Вчера Илье стало страшно: что если Кирпич возьмет и покончит с собой прямо сейчас, утопится, оборвет цепь, не поставив точку, без выводов, без ответов… В своих мстительных фантазиях Илья давно избавился от Кирпича всеми возможными способами…
Тут Илью осенило.
Он точно решил, как поступит в ближайшем будущем. Вчера сделало его сегодня и завтра, и послепослезавтра…
— Надо лишь выждать момент… Выждать, — утаскивал сон всё глубже и глубже…  Пока окно не стало телевизором. А у телевизора — отец…
После обнаружения болезни он подсел на сериалы, смотрит без разбору мексиканские, американские, турецкие, отечественные…
— У них там обязательно у кого-нибудь не рак так кома, не СПИД так потеря памяти, — смеется и кашляет кровью отец.
На экране помехи, белый шум, отец смеется, тычет в телевизор костлявым пальцем и смеется, смех болезненный, безумный…

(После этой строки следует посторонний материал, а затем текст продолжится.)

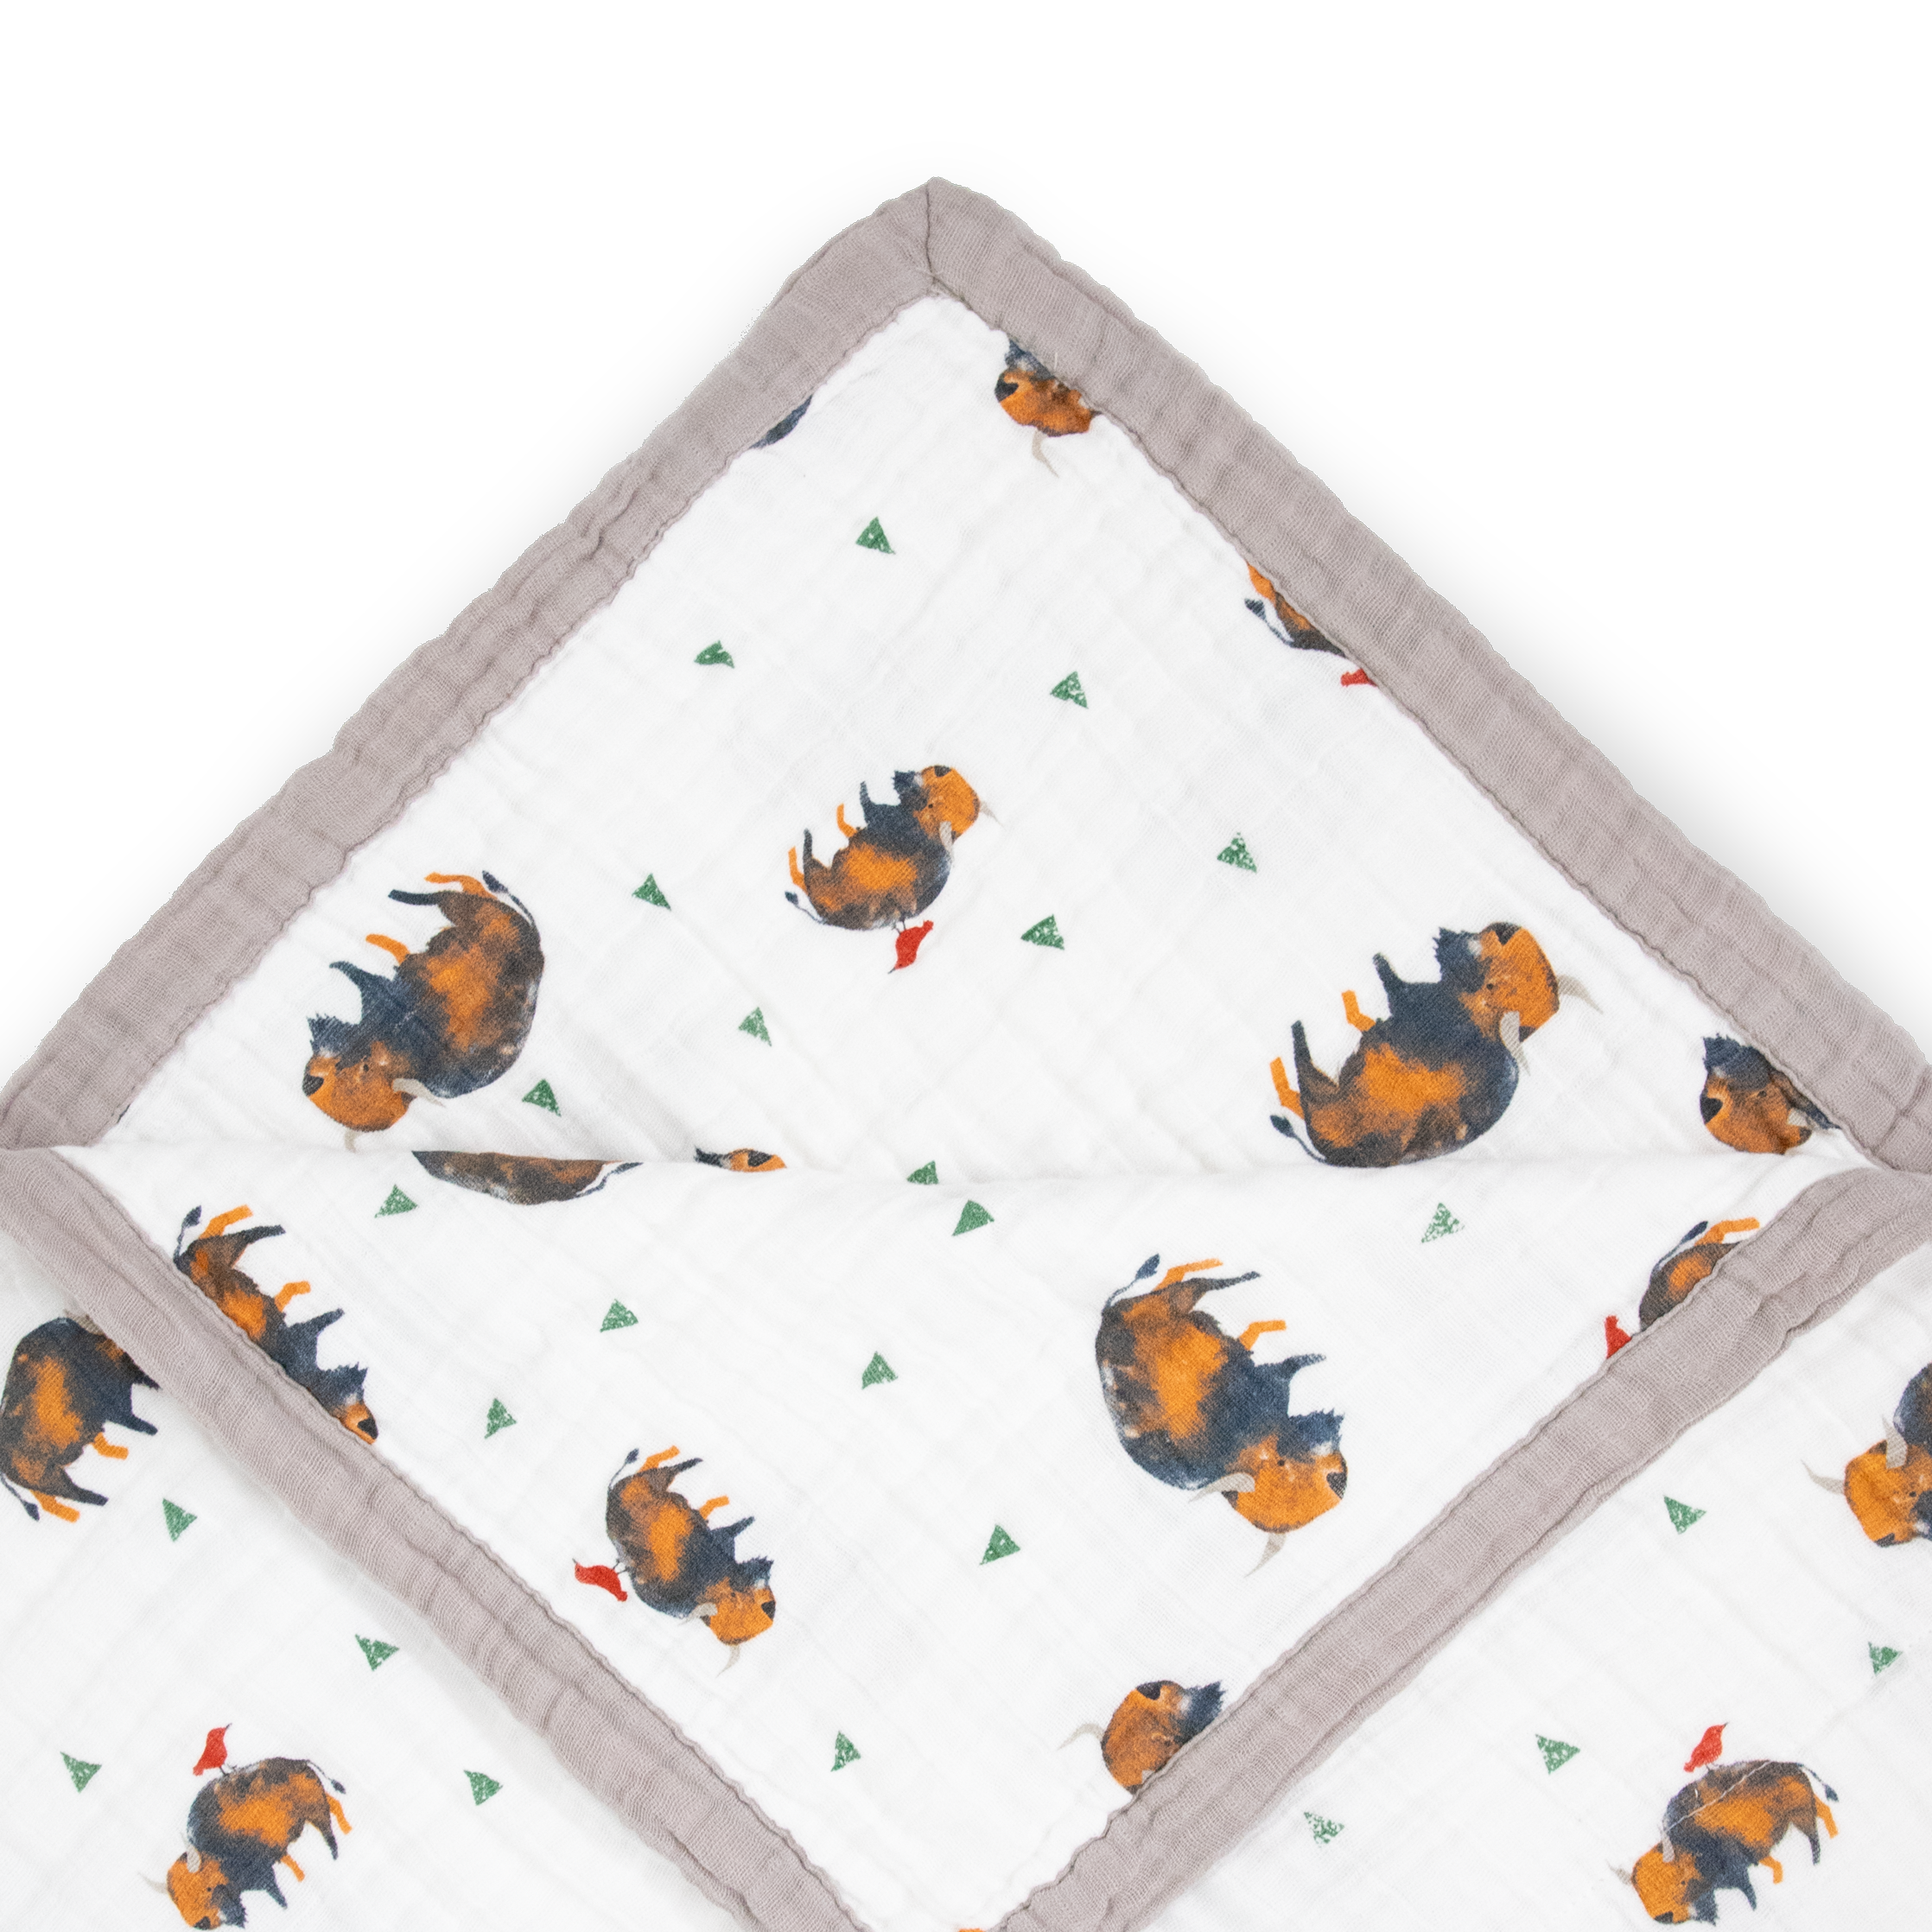 Cotton Muslin Quilted Throw - Bison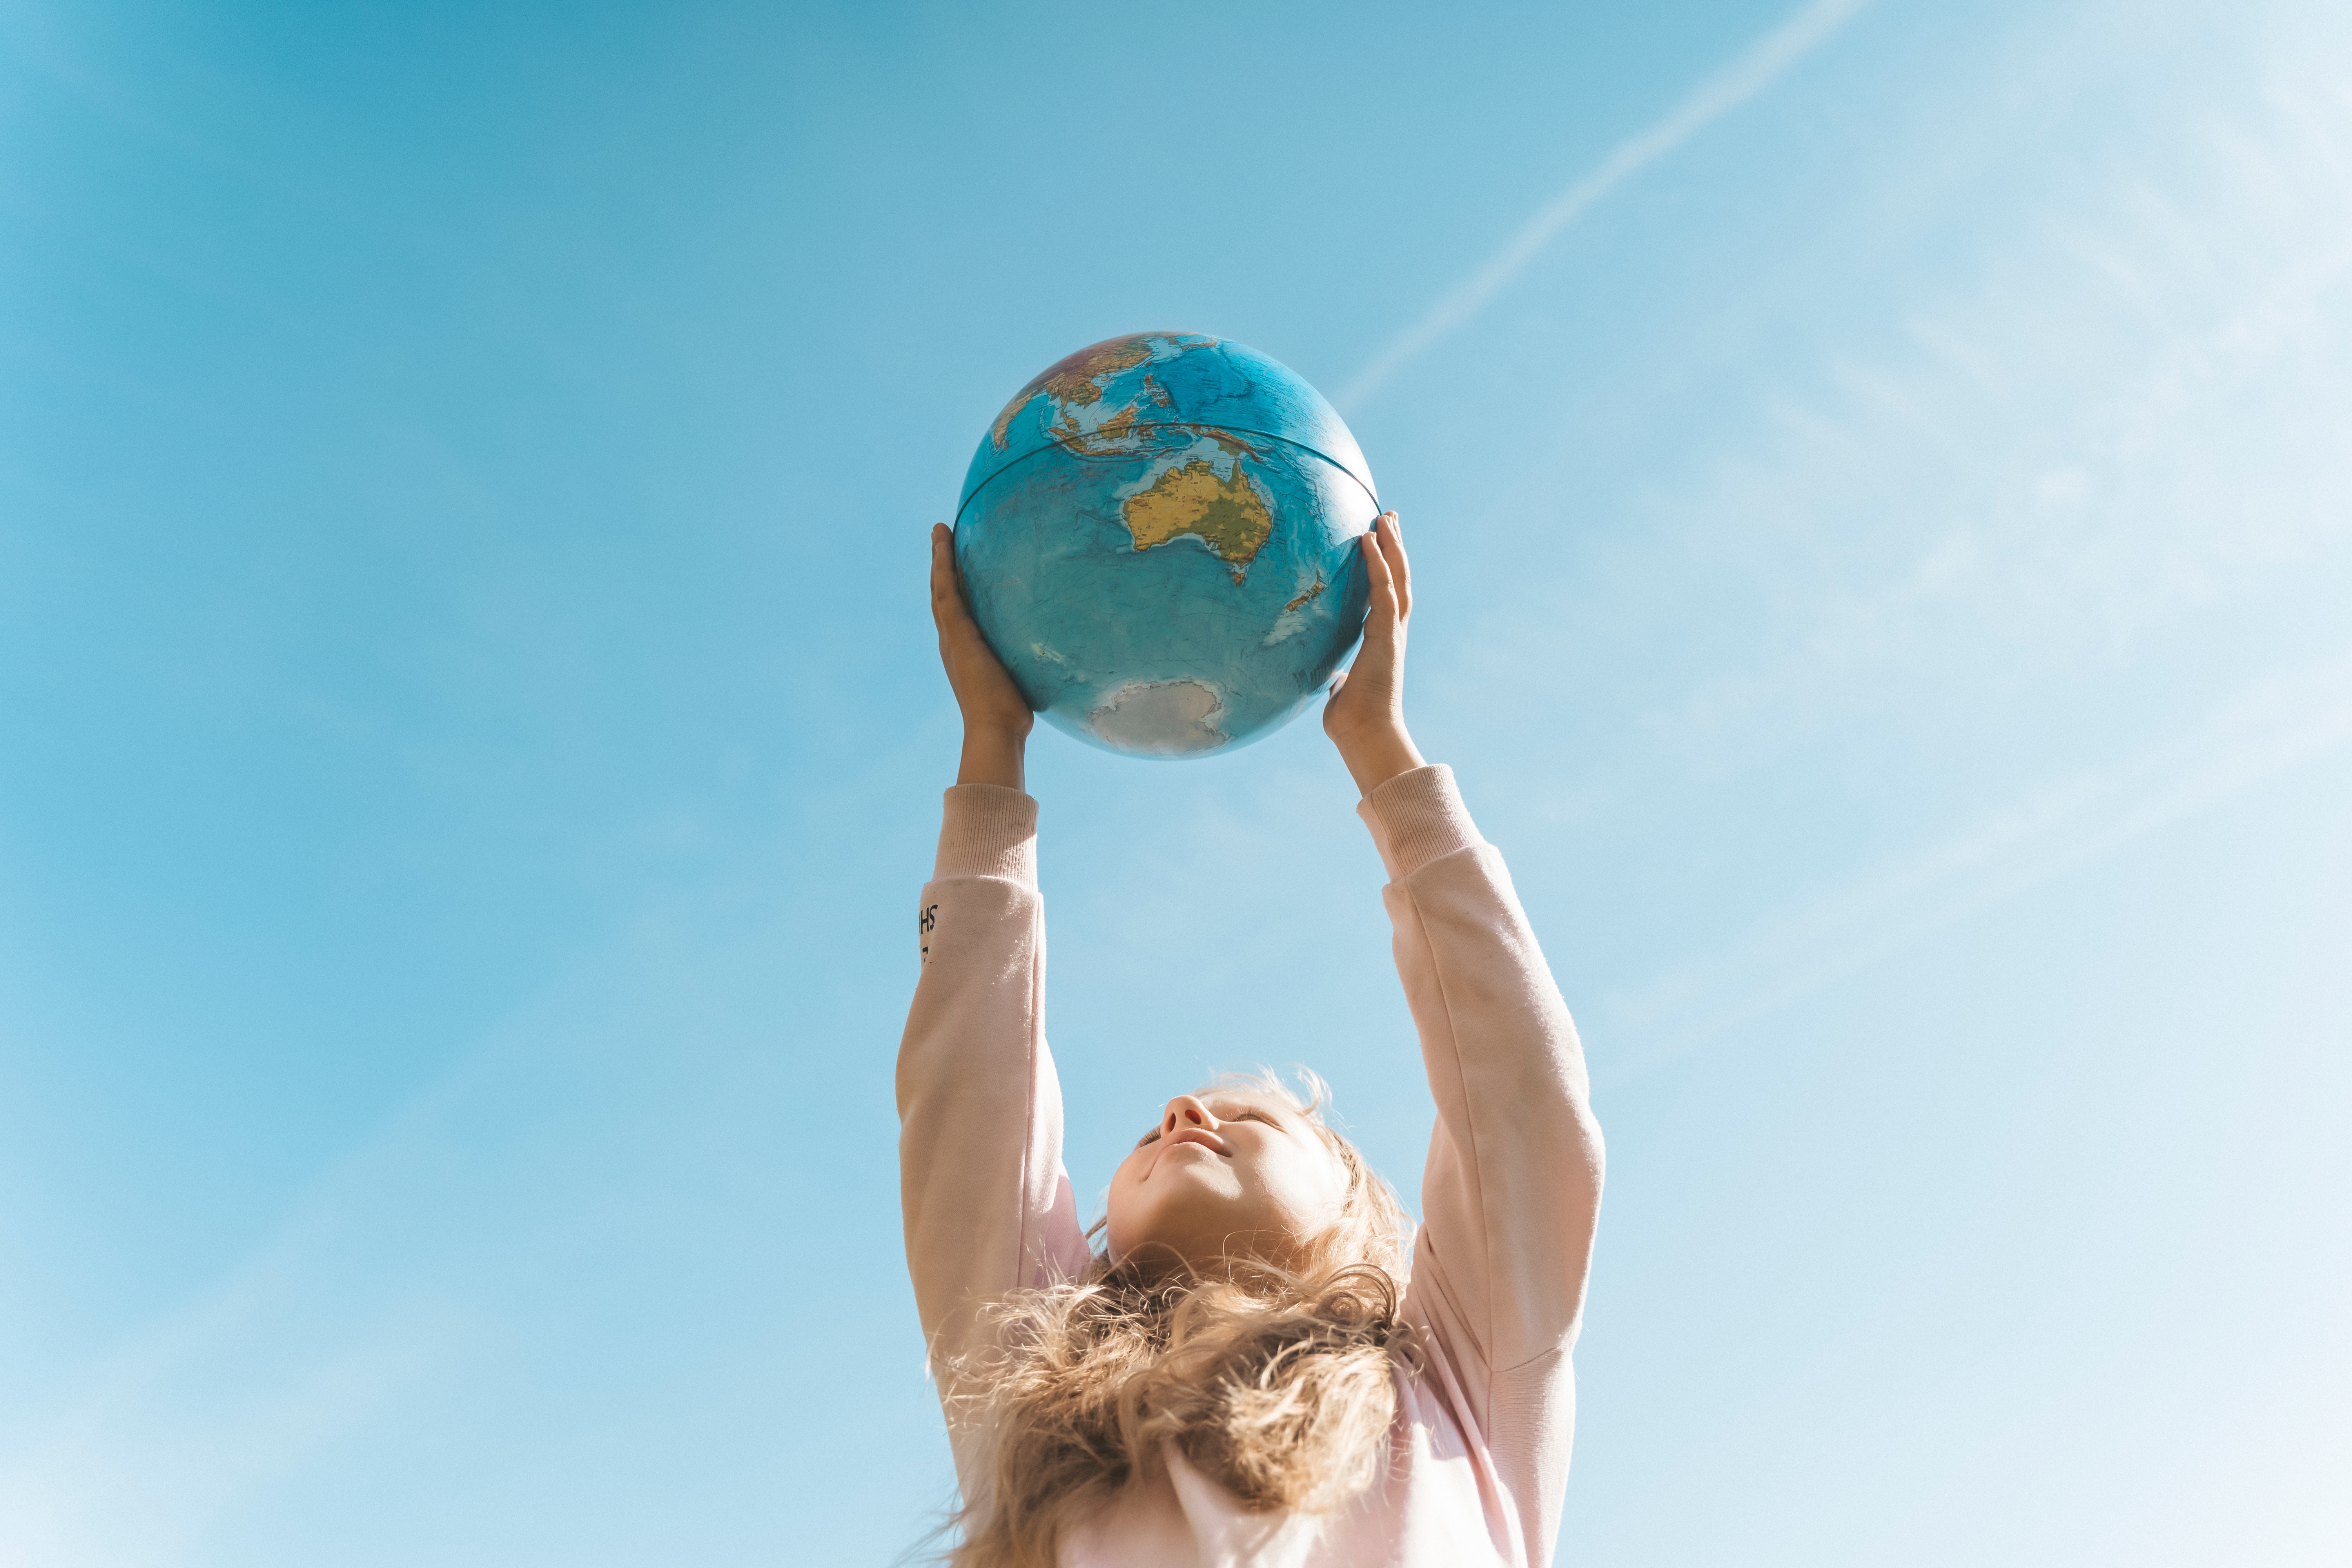 A young girl holds up a globe against a blue sky.

— Я всегда был для тебя помехой! Ты ненавидишь меня с детства! Отцы это кровью чуют, ты бы знал это, если бы был отцом! Ты никчемный соплежуй!
В одно морганье отец накинулся на сына. Повалил. Пальцы родителя сдавили сыновью шею, ногти впились до крови…
— Это ты заразил меня! Ты, вечно желавший мне смерти! Теперь ты доволен?! Счастлив теперь! — брызжа слюной, кашляя в лицо сына кровью. — А я заражу тебя! Вместе будем болеть! Разделим рак поровну, да, сынок! Сдохнем вместе! В одной постели! В одном гробу!
Илья дотянулся правой рукой до холодного, металлического, сжал, подтянул к себе, поднял, попытался еще раз сбросить обезумевшего родителя, не получилось. Тогда он ударил отца, ударил холодным и металлическим по голове, ударил второй раз, третий… десятый.
Кровь обожгла глаза, густая, горькая на вкус кровь затекла в рот, Илья сплюнул отцовскую кровь, сплюнул себе на грудь. Отец разжал хватку, захрипел, он пытался еще что-то сказать, но обмяк, забился в конвульсиях. Илья выполз из-под отца, встал на карачки, его вырвало.
Холодное, металлическое, перепачканное алым цветом ведро смотрело на отцеубийцу черной пустотой.
— Молодец, — голос из пустоты ведра, шипящий, как дождь в пожухлой листве, — все правильно сделал. Теперь возьми еще раз ведро и добей папашу, чтоб не мучился. Ты победил болезнь. Это победа над раком, над жизнью и смертью победа.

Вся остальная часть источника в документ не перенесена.